Broken down into its constituent parts, this makes a lot of sense. All of our activities – procreation, raising children and grandchildren, making homes, building communities, forming alliances and fighting with enemies – can be seen as different contributions to the same simple purpose that living organisms have pursued since life first started. A whole range of disciplines from psychology to anthropology are now using this approach to make sense of the world around us. Social scientists are applying it to look at how societies choose different forms of child-rearing, or relationships between the sexes, in order to adjust to the scarcity or abundance of resources around them. Neuroscientists are using it to examine how emotions operate – our best way of assessing our interactions with others and the environment, and of judging how far these are progressing our direct and indirect reproductive interests. Thus desire, affection, anxiety, envy and rage may each signal perceptions of opportunity or threat, and lead to different ways of investing energy. On this basis, you can understand all the choices we make in our everyday lives as pragmatic calculations, at either a conscious or unconscious level, about what we should do in order to bring about the best prospects for ourselves, our kin and our group.

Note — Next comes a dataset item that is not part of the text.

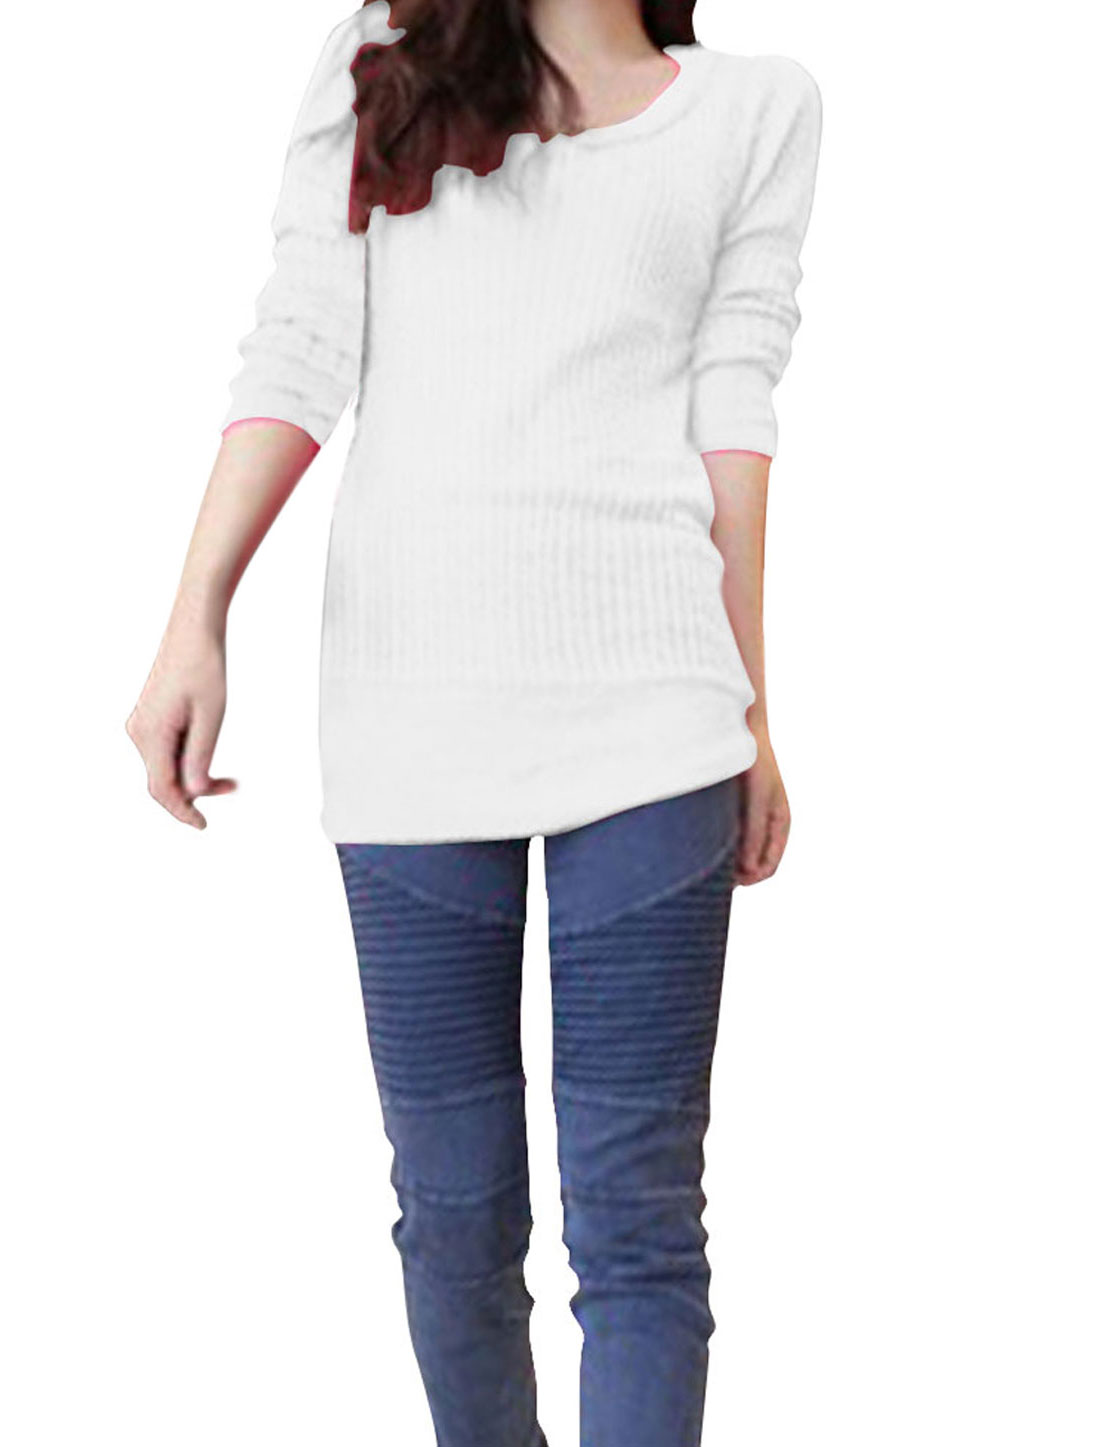 Ladies White Long Sleeve Elastic Cuff Ribbing Leisure Autumn Top Shirt XS

Such a unified biological view does not depend on seeing the world as purely competitive. It can also help us to understand why people support the interests of their family or group collaboratively, through such things as philanthropy, culture, art, religion and law. Nor is such a view deterministic. It offers an over-arching explanation for human behaviour, but without excluding more immediate ways of understanding the world, ranging from molecular explanations to political ones. Each of these different levels of understanding can add layers of description or meaning to the others. However, when all is said and done, the basis of life remains the same. In scientific terms, it all comes down to respiration leading to replication. The facts of life are indeed breathtakingly simple.